Difficulties, Meaning and Marginalisationin Mathematics Learning as Seen Through Children's Eyes

PH.D. UDGIVET: 2009
FORFATTER: Troels Lange

Kort beskrivelse

The thesis explores children’s lived experience of being in difficulties with learning mathematics and how their narratives might be contextualised and theorised. School mathematics education is taken to be a social practice and hence open for ethnographic and sociological research approaches. 

This has enabled me to better understand how the individual is enfolded within the social in the case of children in difficulties in learning mathematics. Their lived experiences are narrated into stories about identity and meaning. Narrative elements in the environment as well as children’s foregrounds and backgrounds are resources out of which the stories are composed. The identity narratives are of two kinds: actual and designated.

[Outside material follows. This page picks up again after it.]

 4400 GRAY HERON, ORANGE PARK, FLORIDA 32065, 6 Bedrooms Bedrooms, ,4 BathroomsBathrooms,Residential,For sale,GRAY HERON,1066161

It is from the gap between actual and designated identities that learning intentions and learning endeavours arise. The actions of learning, the learning acts, then become lived experiences and are themselves narrated into stories of identity and meaning.

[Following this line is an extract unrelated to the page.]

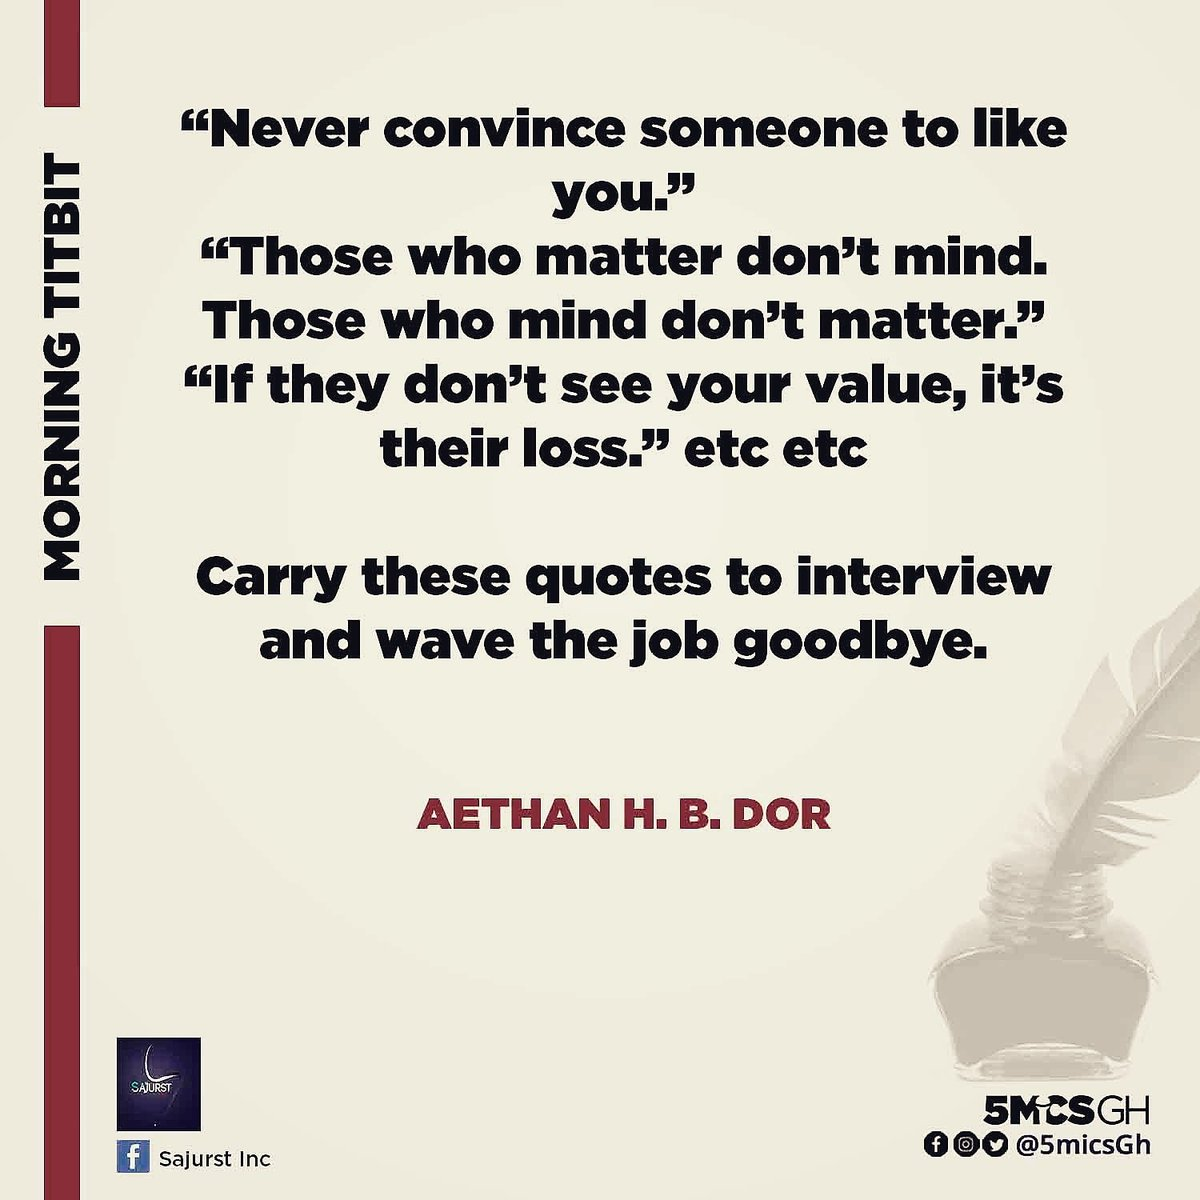 Friyaaaayyyy #morningtidbit  #TGIF #NotSoSilly #Never #Convince #Like #Matter #Mind #Value #Loss #Quotes #Interview #Wave #Job #Goodbye #Weekend #HappyWeekend

This model is, like any other model, a simplification of a hugely complex set of interactions. However, what this model does is to provide an understanding of how changes can be made. It suggests three places to intervene to better support children who are in difficulties with learning mathematics. These concern the type of learning activities that form the lived experiences, the valorisations in the discursive field pervading mathematics education including discourses on difficulties and immigrants and their children, and the socio-political environment that children interpret as their foreground.

Empiri

Indsamlet i en 4. klasse i en folkeskole.